◆ DATA SECTION
== Segment start ==

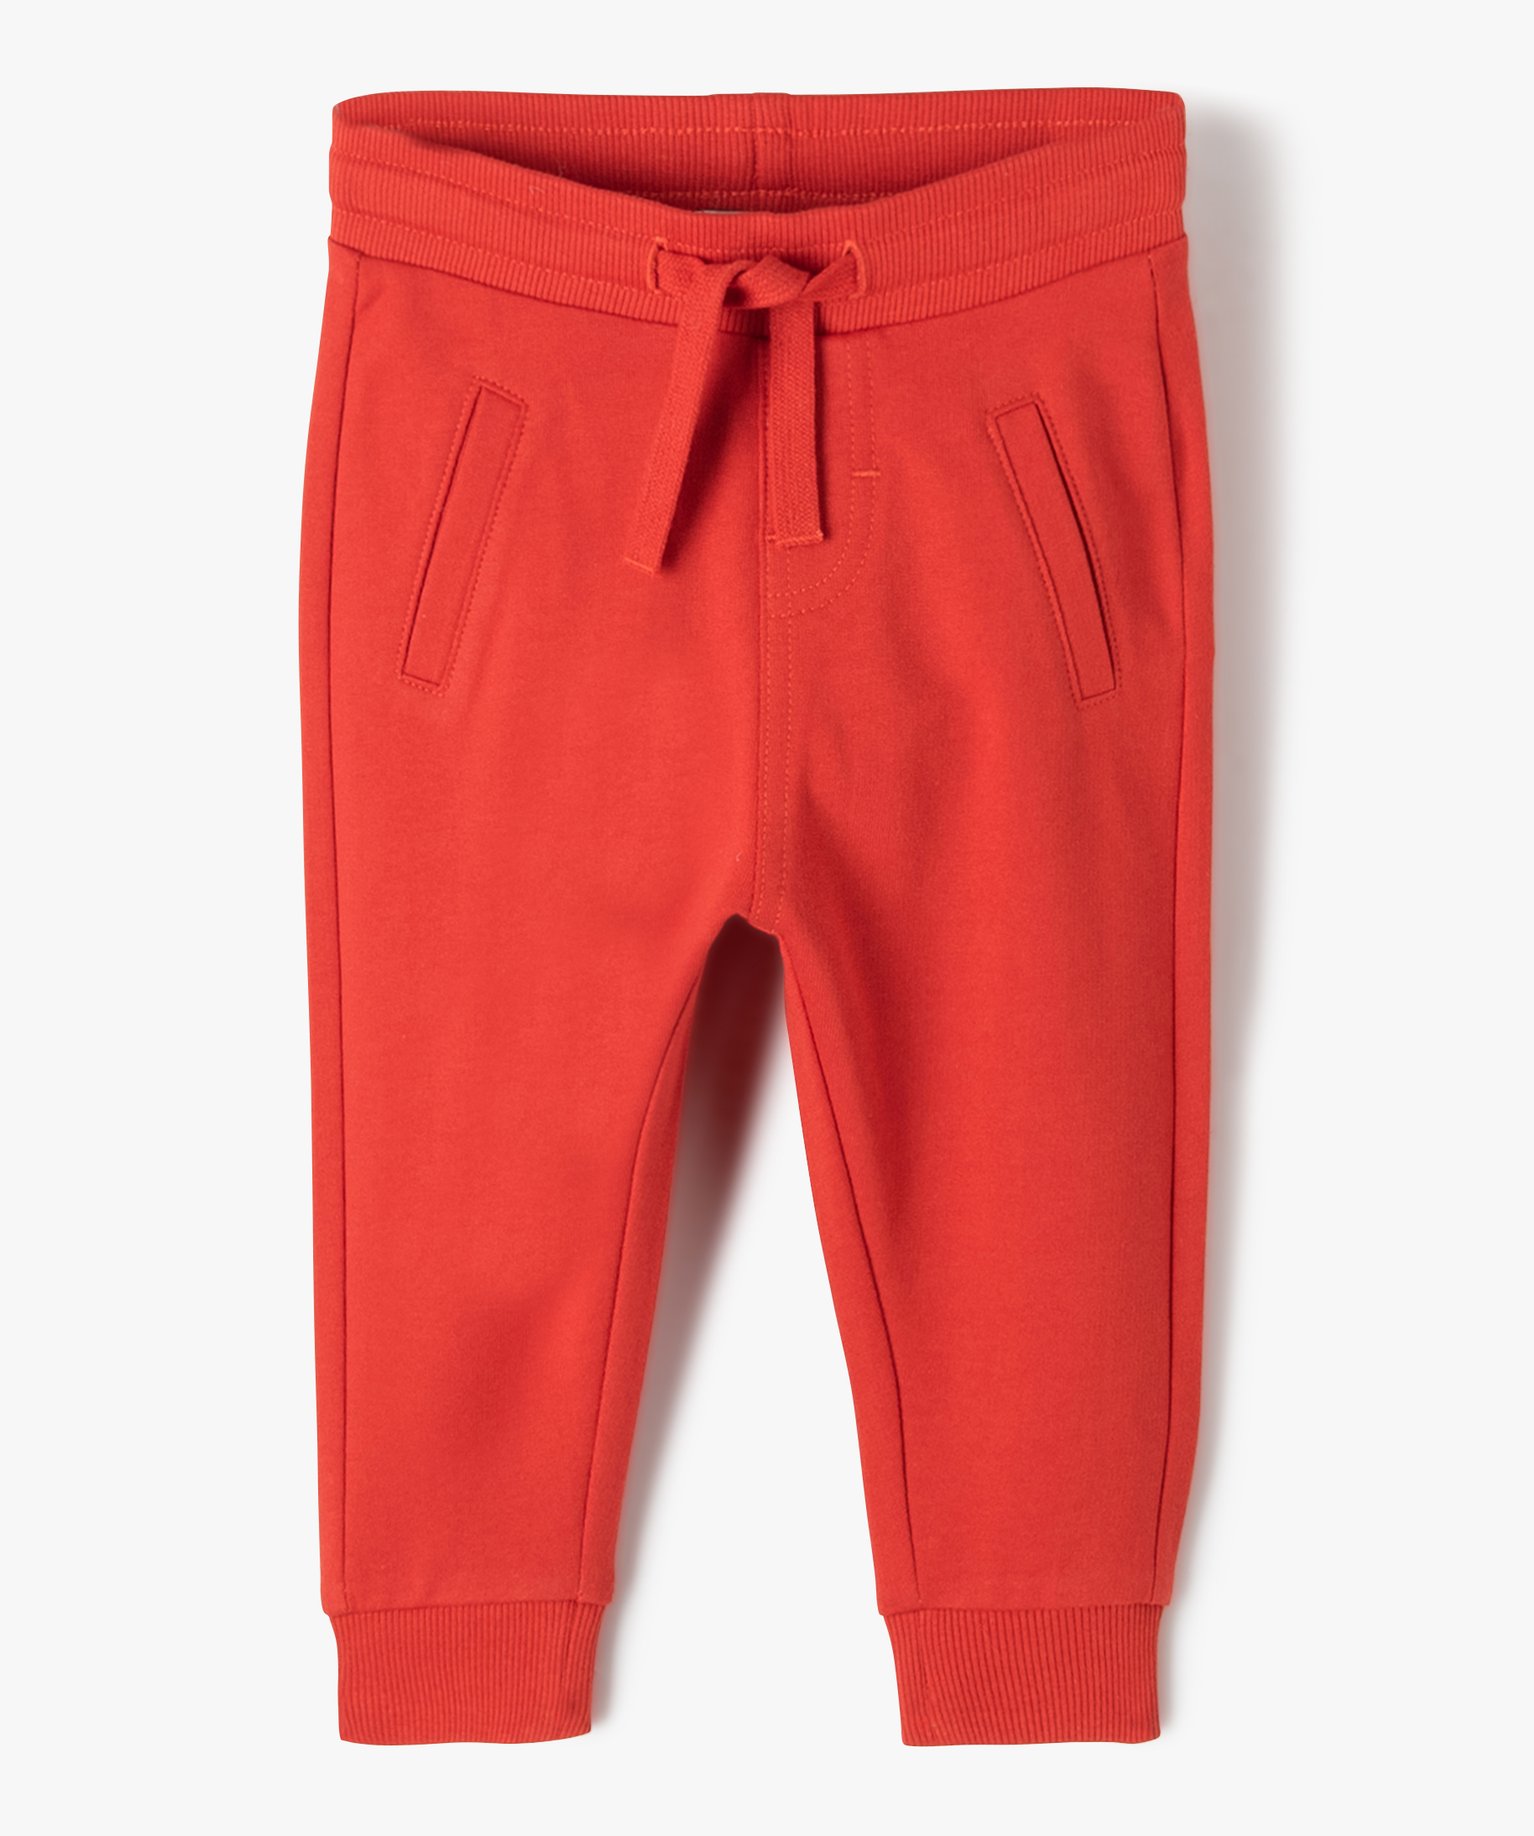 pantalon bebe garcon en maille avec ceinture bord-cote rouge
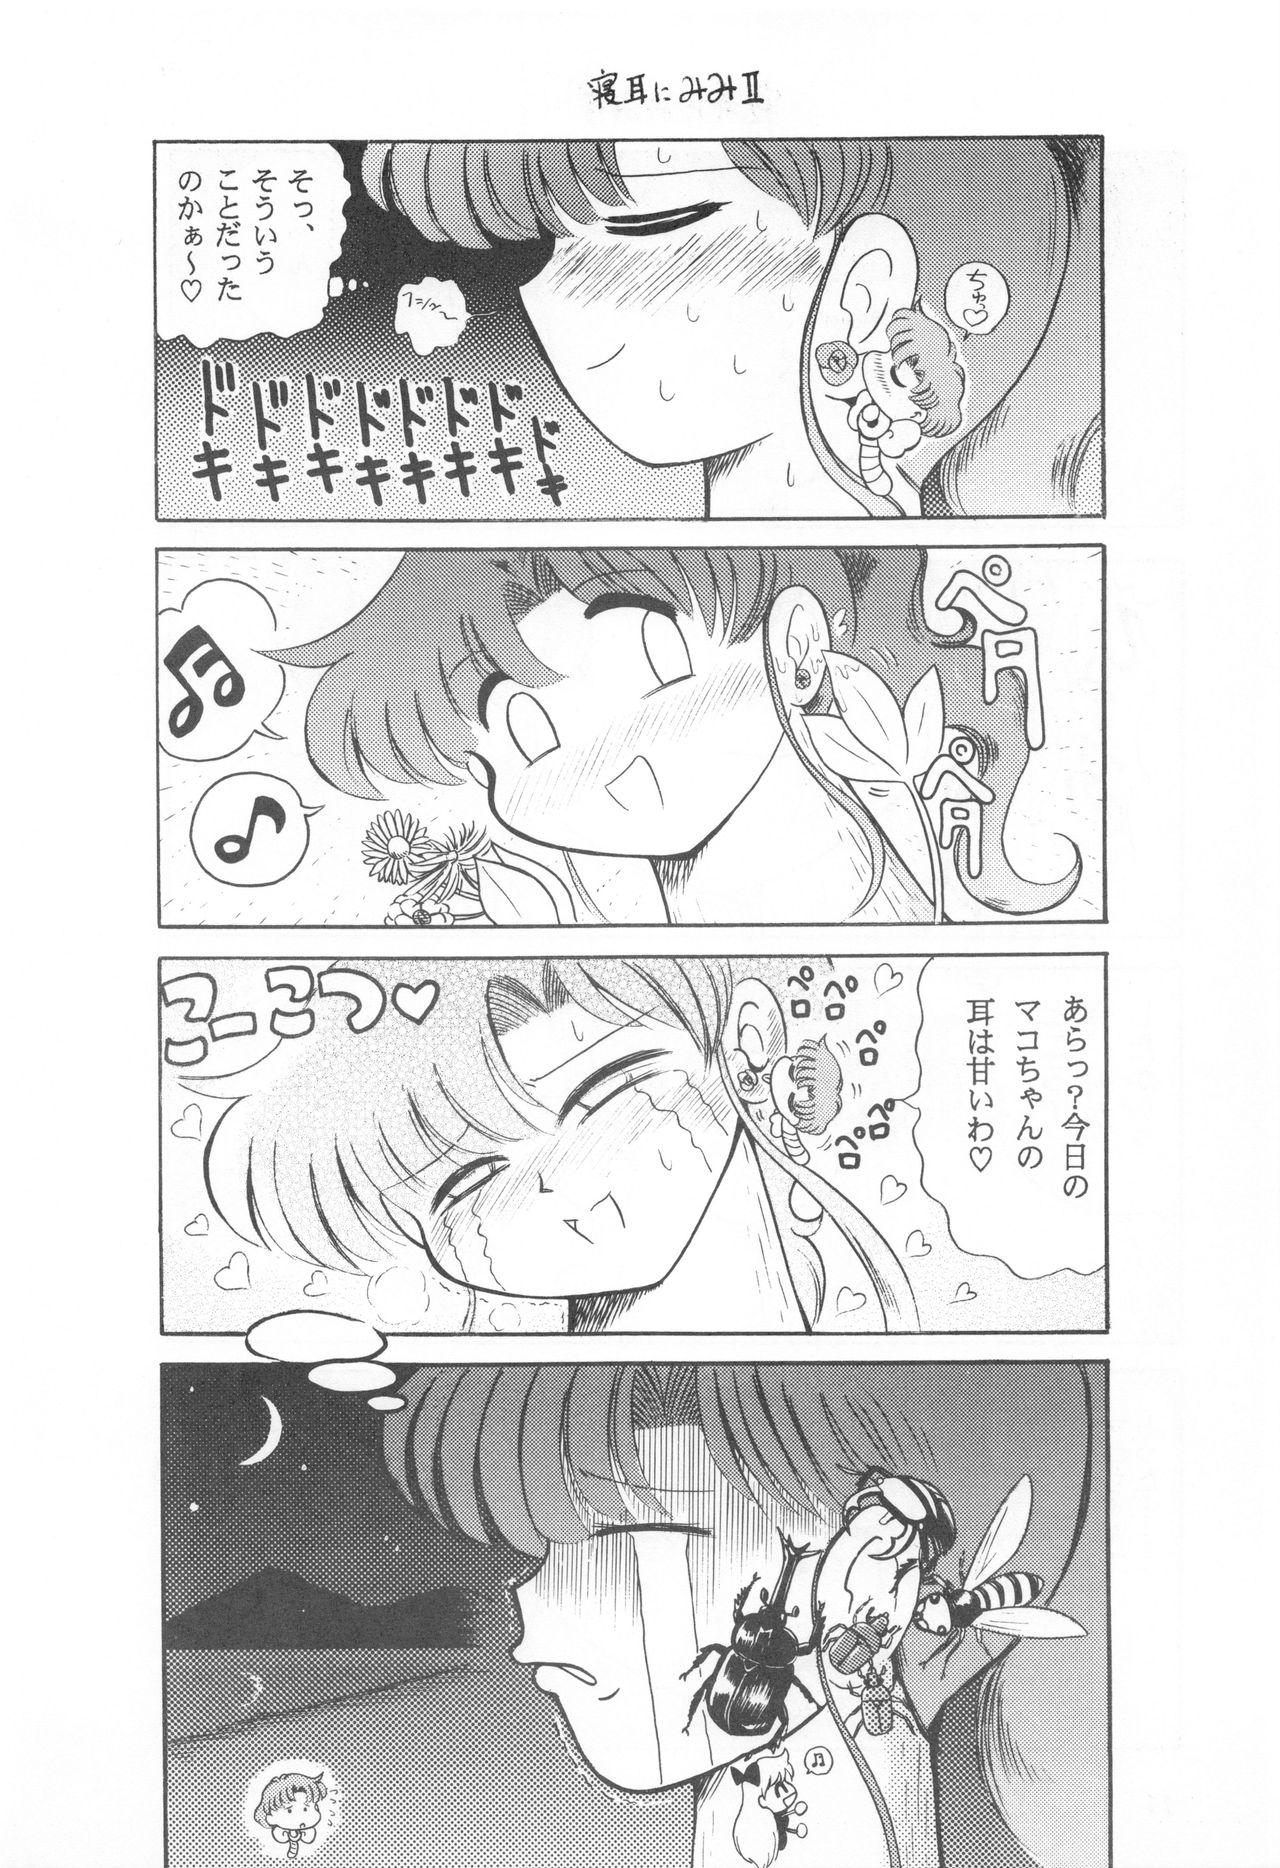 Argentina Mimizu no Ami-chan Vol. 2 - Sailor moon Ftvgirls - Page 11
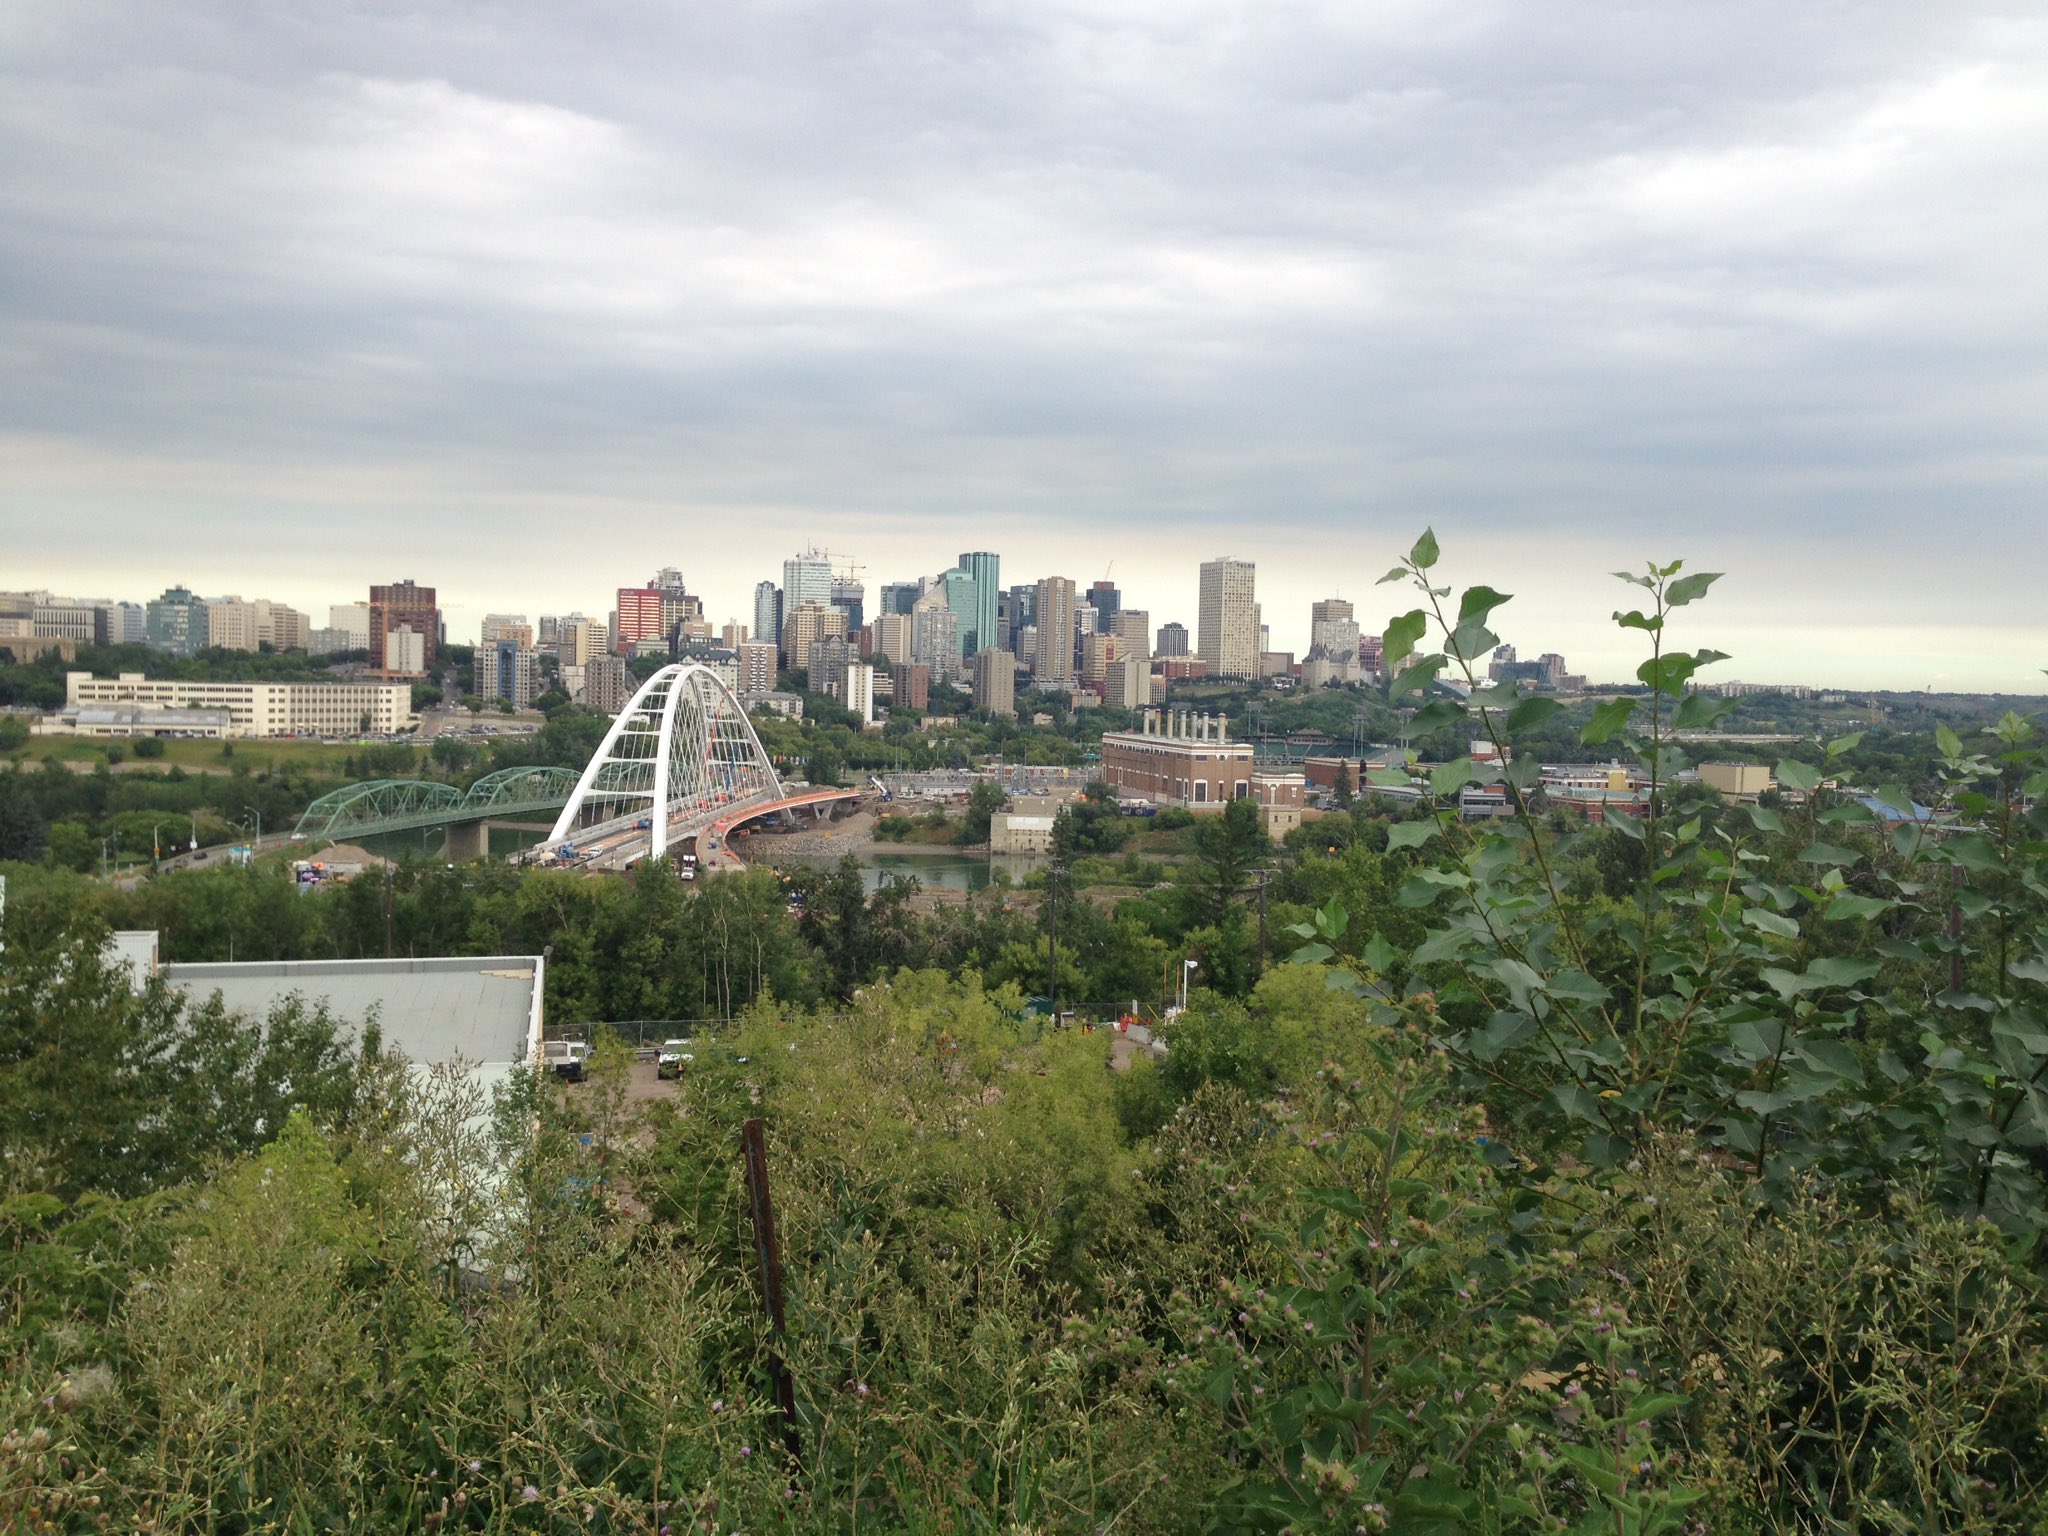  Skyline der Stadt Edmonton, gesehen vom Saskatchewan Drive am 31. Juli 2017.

== Segment end ==

◆ PROMPT
Transcribe the listing exactly. Its images are to be omitted.

◆ SOLUTION TO THIS EXERCISE
 pantalon bebe garcon en maille avec ceinture bord-cote rouge
 Argentina Mimizu no Ami-chan Vol. 2 - Sailor moon Ftvgirls - Page 11
  Skyline der Stadt Edmonton, gesehen vom Saskatchewan Drive am 31. Juli 2017.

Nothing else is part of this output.